If you think about the database world, especially the related database world, there were at least a dozen or more reliable vendors in the database world. But in the end it shook down to Oracle, IBM and Microsoft SQL server. Of course, they become hugely optimized over the period of time but if anybody wanted to see the entire relational database market it means that…there will be competition.
I don't think anybody will be leading UC, although Microsoft and Cisco might be huge players.
At Aspect, are you seeing UC moving to the cloud?
Slowly, but the reality is that you have to design applications to run in the cloud.
Let me illustrate this: within every kind of software application, there is memory, processing power and communications. How quickly you can access memory and how quickly can you connect to processing resources is the function of the network.
If the network is in the cloud, the latency between processing and data is variable. If you are running an application, you expect an instant response. But the performance of the application changes very dramatically if you put the application and data somewhere else.
We'll get to UC in the cloud but we will be redesigning applications for it. Anyone who says: "I'll take your premise-based application and put it to the cloud and it'll work just as well" is very optimistic, but it's not practical.
UC adoption seems to be moving slow among enterprises.
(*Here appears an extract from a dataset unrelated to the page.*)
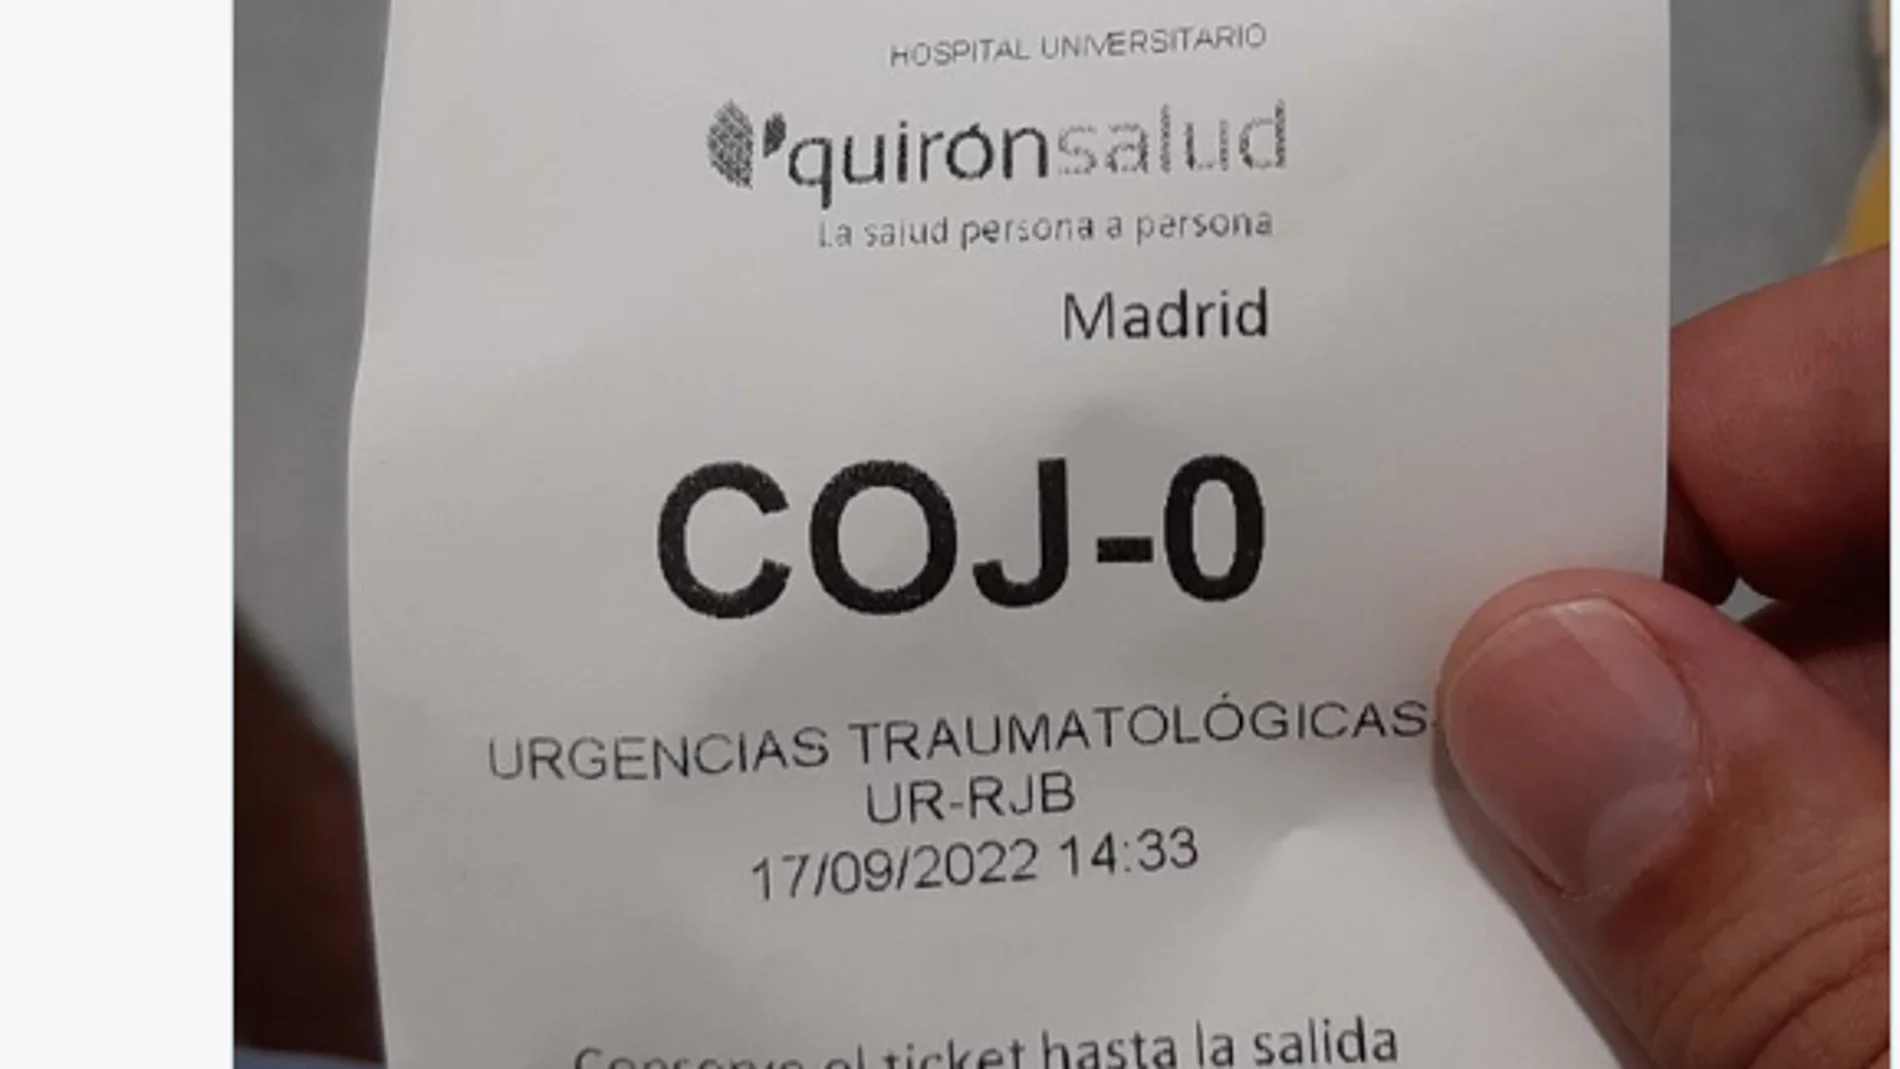 El ticket de un usuario al acudir a un Hospital por un esguince de rodilla

What do you think needs to be done to drive adoption?
I would like to challenge that enterprises are moving slowly to UC. For example, enterprises are using instant messaging because it is easy. It isn't performance critical--if I send you an IM and it takes 15 seconds to come up, it's alright. IM is just one of the communications type within UC. Presence technology is also widely used within enterprises.
The real power of enterprises is when you tie all of these elements--video, telephony voice, IM and Web chat--and commit to that. That is what will take a while for companies to be comfortable with. The way they'll do it is start from the departmental level and as it grows they will deploy more widely.